PLMD has no known cause but can be related to the following:

Pregnancy, Kidney failure, Increased caffeine intake.

Treatment includes good sleep-hygiene habits and medications prescribed by a physician to suppress movements and deepen sleep.

What is Restless Leg Syndrome (RLS)?

RLS is a movement disorder originating in the central nervous system and is characterized by a creeping, crawling or tingling leg or arm sensation. Often this is accompanied by an overwhelming desire to move the legs. These sensations worsen with inactivity and become more intense during the evening. This disorder makes is difficult for a person to relax due to repeated leg or arm movements needed to relieve the discomfort. This constant need to move causes awakenings, makes resting cumbersome, interferes with sleep and causes fatigue due to sleep deprivation. PLMD during sleep can also follow RLS. A person will periodically (every 5-90 seconds) jerk, twitch or move his/her legs while sleeping. These jerks can range from mild twitches to violent jerks that may or may not cause awakenings.

Who Gets RLS?

RLS occurs in men and women and affects all ages. Although the incidence usually increases with age, it also presents in childhood. There is evidence that RLS is hereditary.

What are the Symptoms?

People afflicted with RLS have described the sensations several different ways. These symptoms usually present during the evening while a person is at rest and get worse as the night progresses. Some of the descriptions include:
Creeping, crawling, tingling, pulling, itching, aching and/or restless sensation in the legs or arms.
An irresistible urge or need to move the legs or arms to relieve the feeling, only to have it return within seconds to minutes.
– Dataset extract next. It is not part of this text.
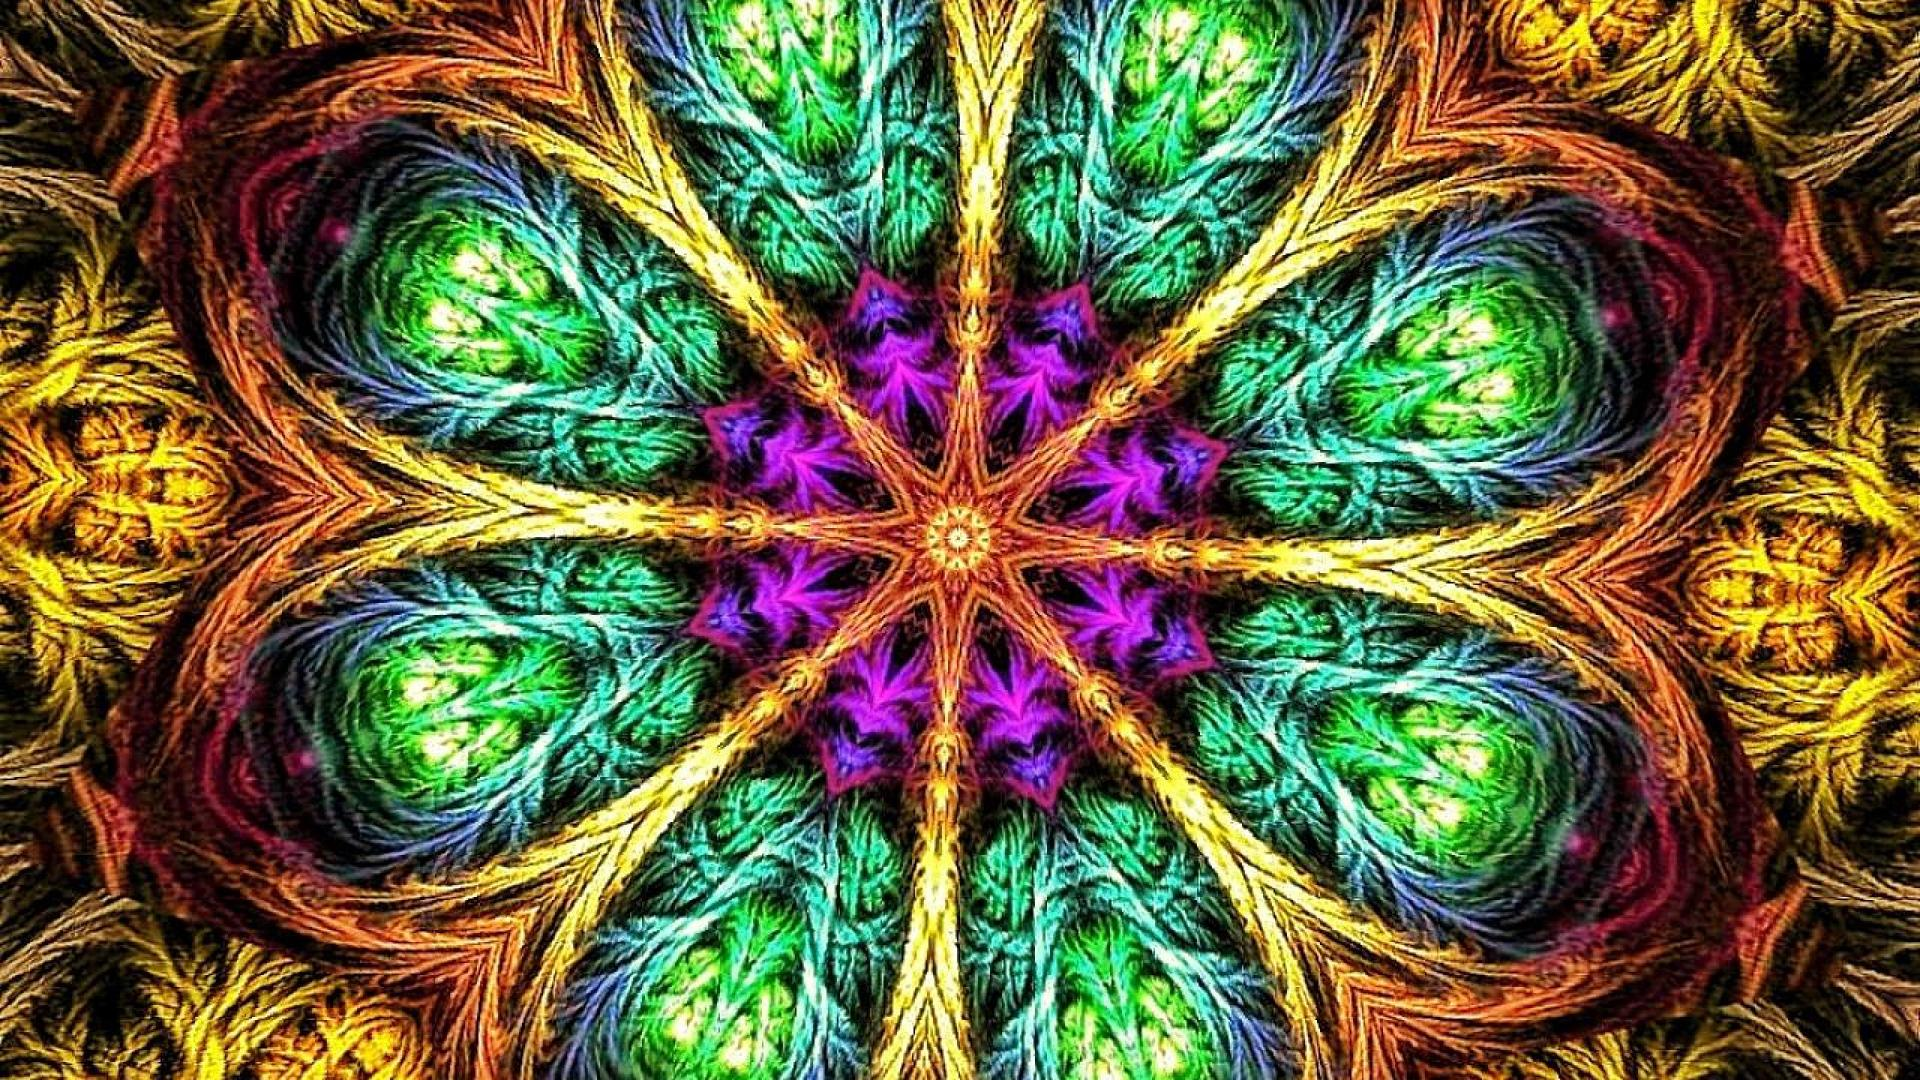 Hd Mandala Wallpaper Wallpapersafari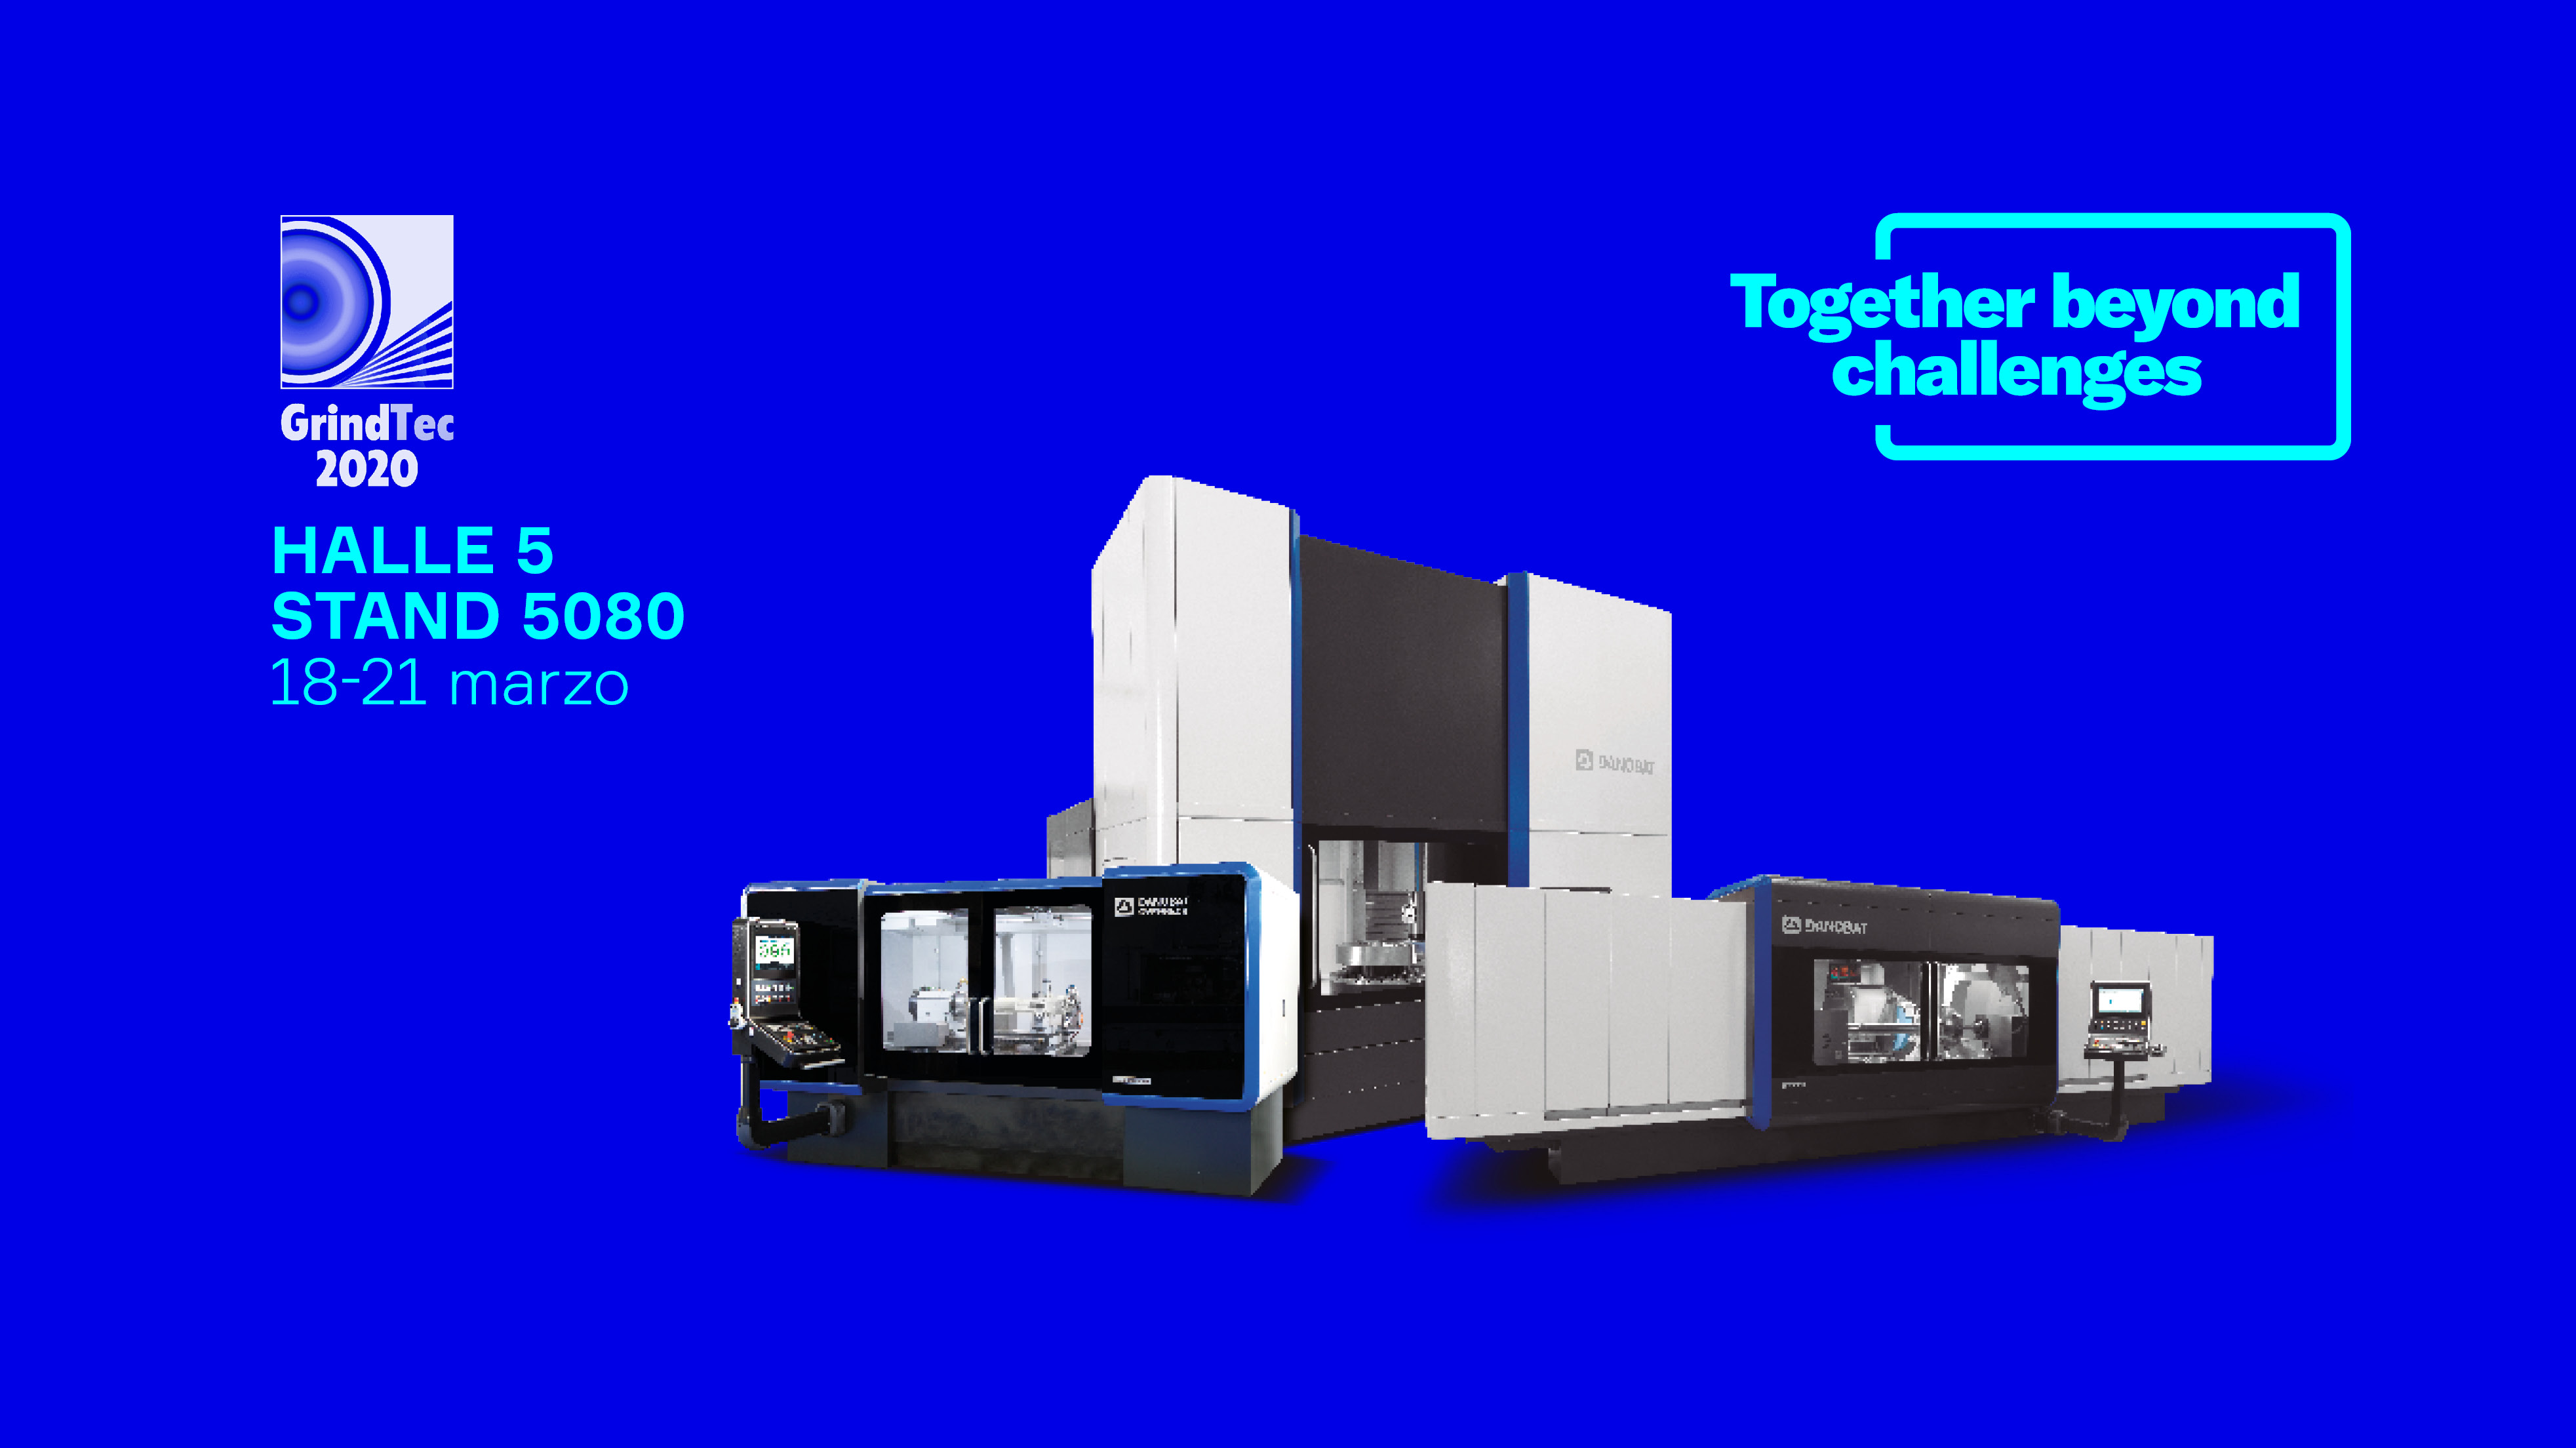 DANOBAT exhibits its latest precision solutions at the GRINDTEC

How Can I Find Out if I Have RLS?

RLS can be diagnosed by a visit to your physician. There are no tests used to diagnose this disorder, but an evaluation with your medical history can be all that is needed to pinpoint the problem.

What is the Cause and Treatment?

There are a few conditions that can cause RLS but some cases have unknown causes. Treatment includes good sleep hygiene and medication that can be prescribed by your physician. Several conditions that can cause RLS include:

Iron deficiency, Spinal-cord lesions, Uremia, Kidney disease, Pregnancy, Certain medications.